Desk editor's note, referee report, simulated authors' rebuttal, and a circularity audit. Tearing a paper down is the easy half of reading it; the pith above is the substance, this is the friction.

Desk Editor's Note private letter to a colleague

DetailCLIP patches high-res images and fuses CLIP features under class-prompt supervision to keep small-object details, but that supervision gives no direct signal for preserving scale-specific information.

read the letter

The core idea is to take a high-resolution image, break it into patches via their Complete Cover method so nothing gets missed at different scales, run each patch through CLIP, then train a fusion network to collapse those features into one vector that still lives in the original CLIP space. They target remote-sensing retrieval where ships or vehicles can be tiny, and they add the CLVER-DS synthetic dataset with controllable scales for testing. Code is released, which helps.

Referee Report

3 major / 2 minor

Summary. The manuscript proposes DetailCLIP to produce a single CLIP-compatible feature vector from high-resolution images that retains fine details across scales. It extracts patch features via a Complete Cover method, fuses them with a learned model, and trains under weak supervision from image-agnostic class text prompts. The framework targets remote-sensing retrieval of small objects and is evaluated on real-world data plus a new controllable-scale synthetic dataset (CLVER-DS); code is released publicly.
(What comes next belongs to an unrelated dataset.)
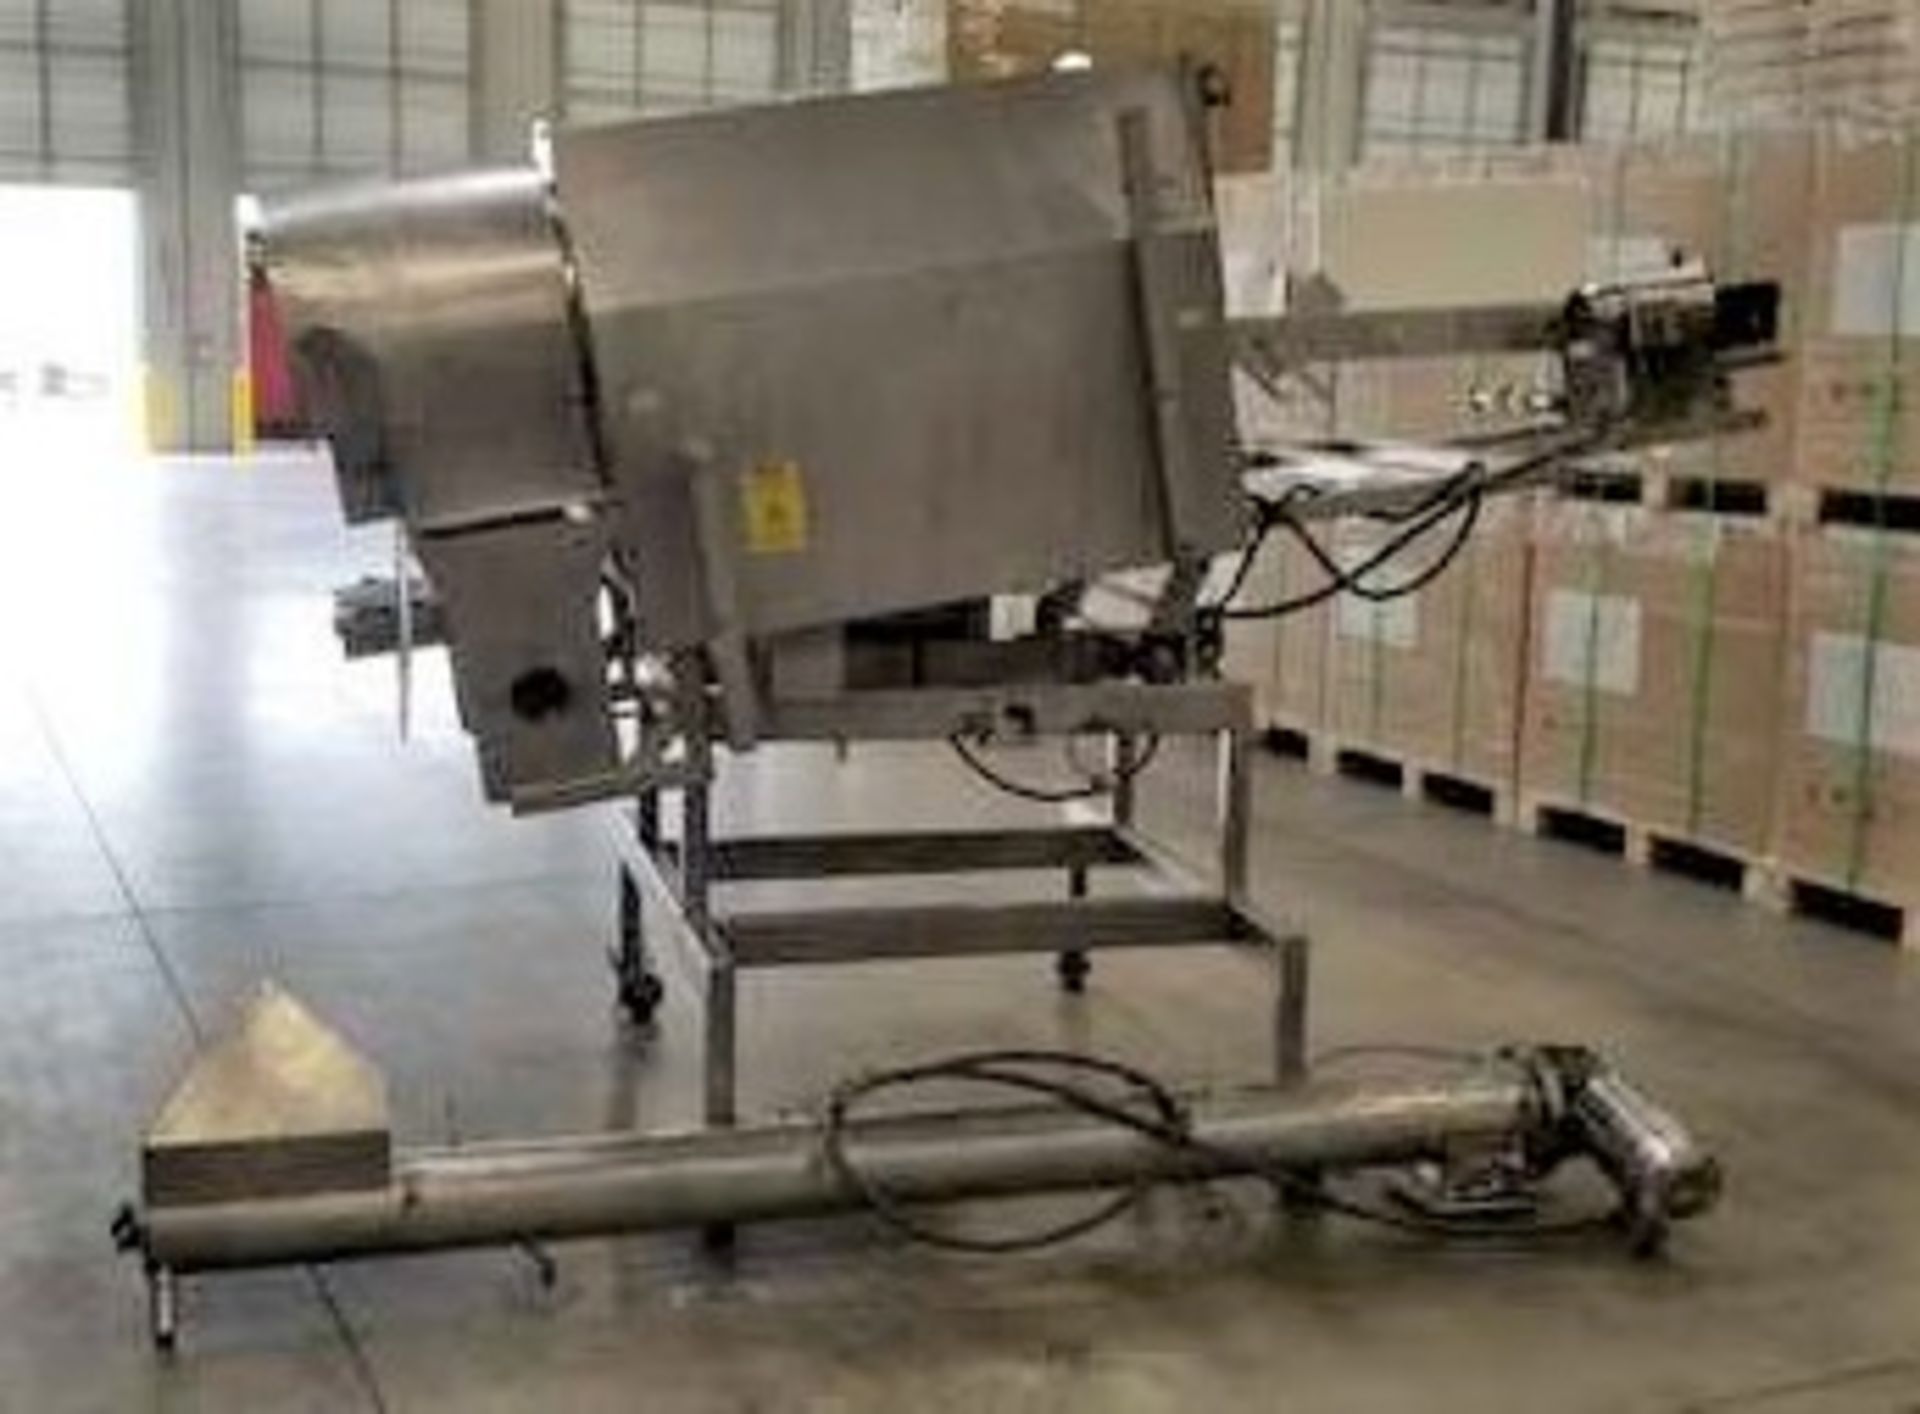 S/S Barrel Breader. Manufactured by FoodDesign Machinery & Systems. Barrel is 24" Dia x 5'8" Long.
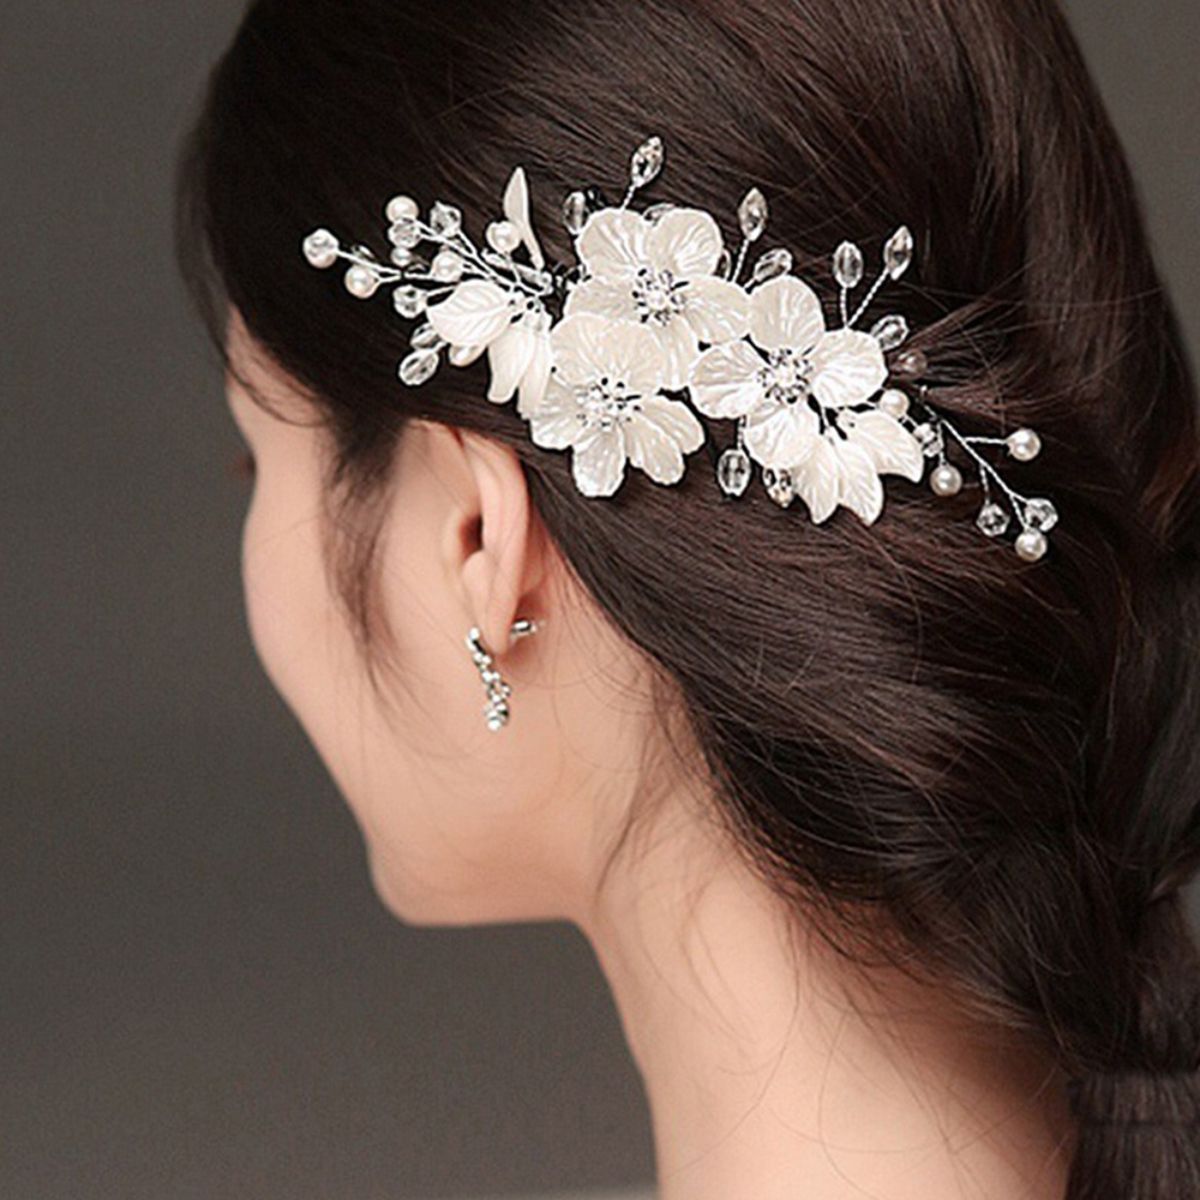 Trending Bridal Hairdos With Pearl Hair Accessories to add charm!

Significance. If the central claim holds, the work would allow detail-preserving retrieval inside the original CLIP space without retraining the vision encoder, which is practically useful for high-resolution remote-sensing tasks. Public code and the introduction of CLVER-DS are concrete strengths that aid reproducibility.

major comments (3)

[Method / training procedure] The training objective (described in the method section) uses only image-agnostic class prompts as supervision. Because the prompt is identical for every patch and every scale, the loss supplies no explicit signal that distinguishes fine-grained or scale-specific content; the fusion network can therefore satisfy the class-level retrieval metric while discarding the very details the paper claims to retain.
[Experiments / CLVER-DS evaluation] Evaluation relies on class-prompted retrieval metrics. To support the claim that scale-specific details are preserved, the experiments must demonstrate gains on queries or annotations that require fine-grained information (e.g., object size, count, or spatial relations) rather than class identity alone; the current protocol does not isolate this property.
[Abstract and §4] No quantitative numbers (recall@K, mAP, etc.) or baseline comparisons appear in the abstract, and the strength of the reported improvements cannot be assessed without the specific tables or figures that would allow effect-size evaluation.

minor comments (2)

[Abstract] Abstract contains the typo 'CILP' (should be 'CLIP').
[Abstract and dataset description] Dataset name alternates between 'CLEVR-like' and 'CLVER-DS'; consistent nomenclature would improve clarity.

Simulated Author's Rebuttal

3 responses · 0 unresolved

We thank the referee for the constructive feedback. We address each major comment below and indicate where the manuscript will be revised.

read point-by-point responses

Referee: [Method / training procedure] The training objective (described in the method section) uses only image-agnostic class prompts as supervision. Because the prompt is identical for every patch and every scale, the loss supplies no explicit signal that distinguishes fine-grained or scale-specific content; the fusion network can therefore satisfy the class-level retrieval metric while discarding the very details the paper claims to retain.

Authors: We agree that the class-level, image-agnostic supervision provides no explicit per-patch or per-scale signal. The Complete Cover extraction and fusion architecture are intended to ensure that multi-scale patches contribute to the final feature, but the training objective itself does not enforce retention of fine details. We will add a clarifying paragraph in the method section acknowledging this limitation of weak supervision and include an ablation that isolates the contribution of multi-scale fusion versus single-scale inputs on small-object retrieval. revision: partial
Referee: [Experiments / CLVER-DS evaluation] Evaluation relies on class-prompted retrieval metrics. To support the claim that scale-specific details are preserved, the experiments must demonstrate gains on queries or annotations that require fine-grained information (e.g., object size, count, or spatial relations) rather than class identity alone; the current protocol does not isolate this property.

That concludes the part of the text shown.